British Kings and Queens | Opinion

Photo by Number 10, via Wikimedia Commons.

Throughout my life, I have been fascinated by royalty (the other kind).

A large part of my guilty reading pleasure consists of books about British, French, Spanish, Austrian or Russian royalty, written by talented women like Antonia Fraser, Joan Haslip or Nancy Goldstone. Often I will stop in my tracks to gaze at photos or videos of a royal coronation, wedding, or funeral. In this I am not alone. Much of the American media coverage of foreign affairs revolves around the families, health, homes, or scandals of royal folk. Here, as elsewhere, the media only give what the public wants.

Americans’ interest in royalty is extensive but limited. For one thing, we are only interested in British royalty. Royals in continental Europe, Asia, or Africa only gain our attention when we fight wars against them, as we did with the German Kaiser in World War I or the Japanese Emperor in World War II. An exception would be the late Princess Grace of Monaco, an American socialite and movie star. Even within the British royal family we are only interested in certain personalities, primarily royal brides who are American (the Duchess of Windsor, Meghan Markle), beautiful (Princess Diana, Kate Middleton) or controversial (Queen Camilla). The late Queen Elizabeth II was a favorite of ours, due to her long reign and her ability to stay above the fray amidst the turmoil of her sister, husband, children, and grandchildren. The fact that we fought a war to free ourselves from the rule of her ancestors did not hurt her standing “across the pond.” The popularity of the Netflix series “The Crown” only reflects this reality.

Why are British royals popular with allegedly democratic Americans? “We’re social animals,” Temple University psychologist Dr. Frank Farley reminded Time magazine. “With famous media figures, we often live some of our lives through them. The very fact that [British royalty] has continued is a curiosity for us: That’s the royal family we got rid of, in a sense.” A generation of Americans who grew up in a Disney World of princes and princesses are mesmerized by the real thing, even if they are no better and sometimes worse than the rest of us. There is no language barrier between us, as it would be with other royals. It is no wonder that a large part of the U.K. tourist industry revolves around royal monuments like castles, palaces and great cathedrals. The British royals know this, which is whey they maintain the mystique and rituals of monarchy at a time when continental royals can be seen riding a bicycle, shopping or playing pickleball. Finally, the lives of British royals are a form of entertainment; and they excite us in ways that presidential families could never do. In the words of Clare Malone, who wrote about royalty in The New Yorker, “In an era of reality-television stars, the House of Windsor [now Mountbatten-Windsor] has offered tabloid readers a frisson of glamour, wealth, and blinding fame.”

How long will American fascination with British royals continue?

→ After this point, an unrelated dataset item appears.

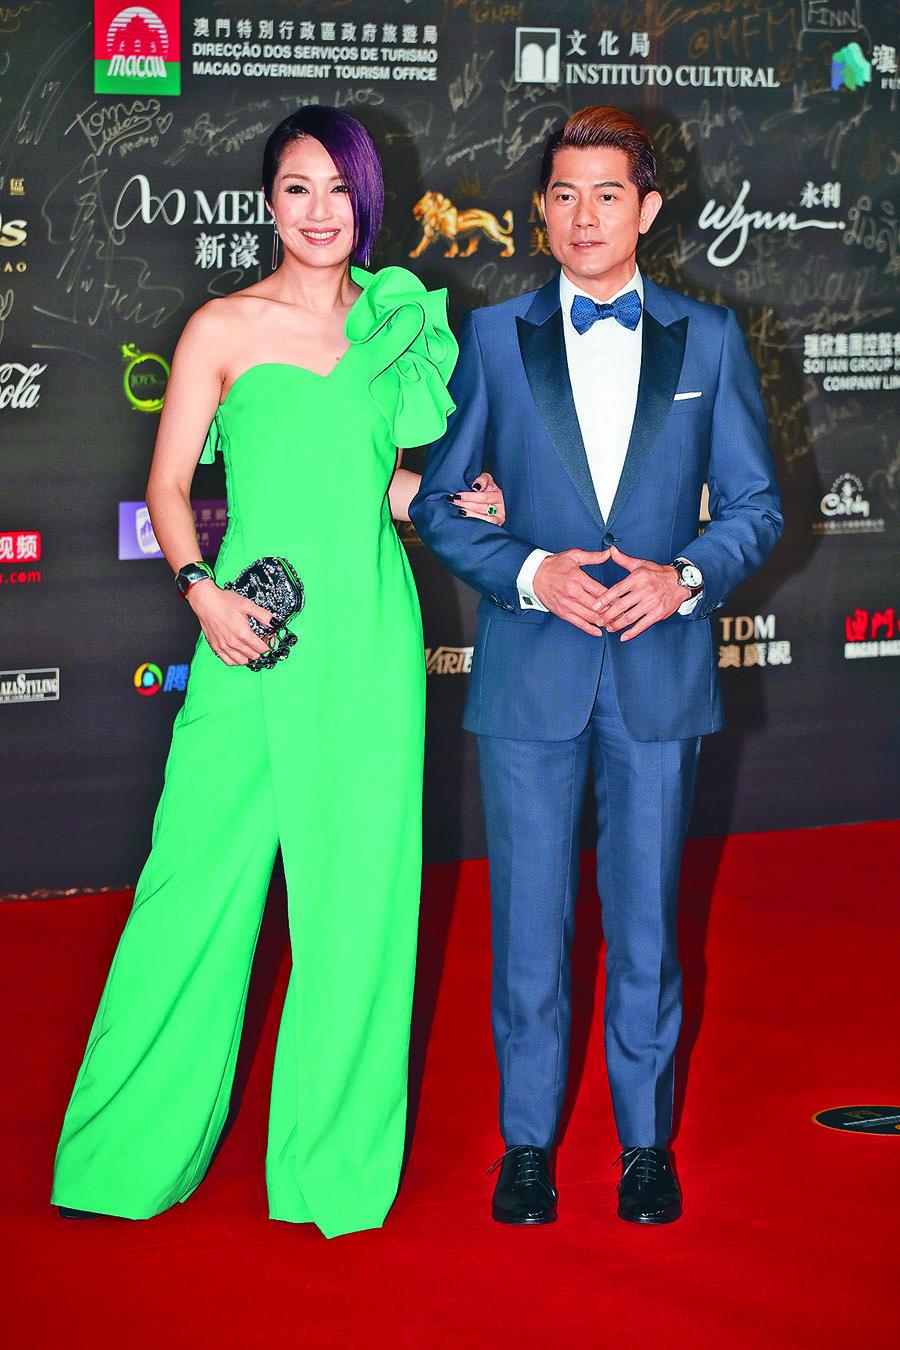 郭富城偕楊千嬅擔任「最佳導演獎」頒獎嘉賓。

King Charles III will never be as popular as his mother, his sons, or his first wife; and many will never forgive him for the way he treated the sainted Diana. Public opinion has bypassed him and centered its attention on his oldest son William, Prince of Wales, his charming wife and his delightful children. I presume our fascination will last until the day that the British people, fed up with the taxes they must pay to support a bunch of titled parasites, topple their royals and send them on their way. Meanwhile, we remain dazzled by their example, however undeserving they might be.